Source of amino acids for tRNA acylation. Implications for measurement of protein synthesis

Abstract

Estimates of protein-synthesis rates using radioisotopes require accurate measurement of the specific radioactivity of the label in protein and in the precursor pool over time. Although the extracellular and intracellular pools of amino acids are easiest to sample, the tRNA pool is the direct precursor and is the appropriate pool for sampling. To test if the intracellular or extracellular pools reflect the tRNA specific radioactivity, a chicken macrophage cell line was incubated in medium containing either 0.23 mM-leucine and 14.5 microCi of [3H]leucine (tracer dose) or 2.3 microM-leucine plus 145.0 microCi of [3H]leucine (flooding dose).
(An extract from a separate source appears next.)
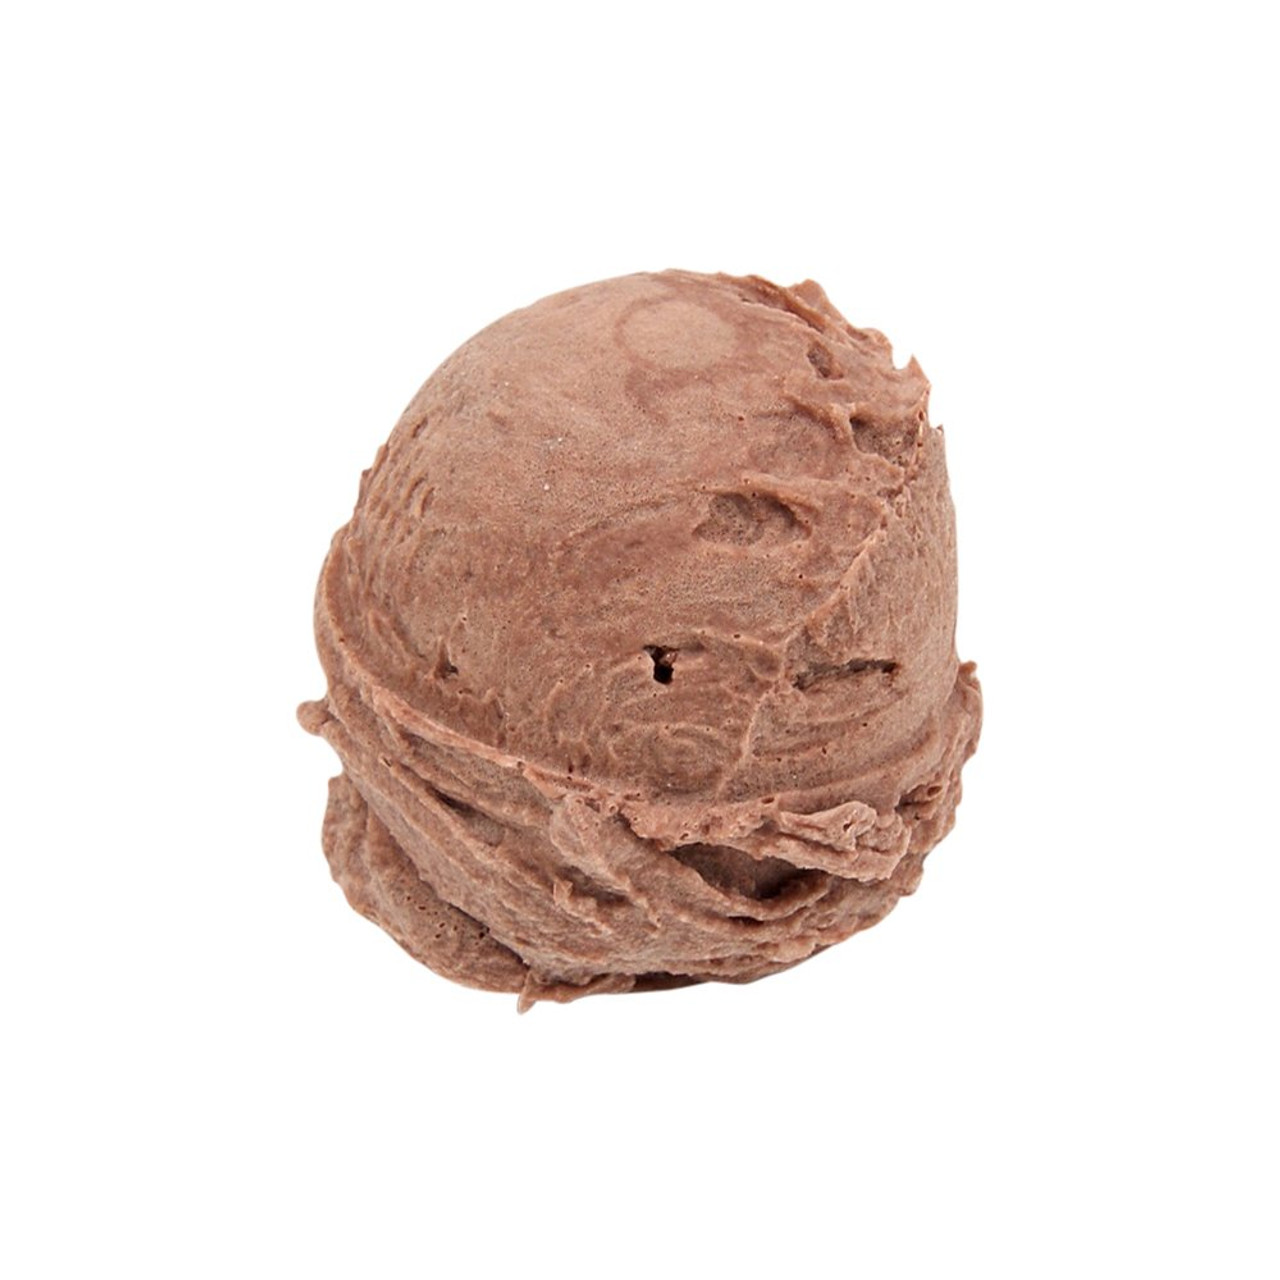 Fake Chocolate Ice Cream Scoop

At both leucine levels, the tRNA specific radioactivity reached a plateau quickly, but did not equilibrate with either the extracellular or intracellular specific radioactivity within 30 min, and remained closer to that of protein. In a second experiment, proteins in chicken macrophages were labelled with [3H]leucine for 2 days. Labelling medium was removed, and the cells were washed free of residual free [3H]leucine and incubated with medium containing either 0.23 mM- or 2.3 mM-leucine (unlabelled). The specific radioactivity of leucyl-tRNA leucine reached a plateau within 2 min and remained considerably closer to that in the protein than that in intracellular or extracellular pools for at least 60 min. These results suggest that amino acids from protein degradation are a primary source for charging tRNA. When protein-synthesis rates are estimated by label incorporation, use of extracellular or intracellular specific-radioactivity values result in a marked underestimation.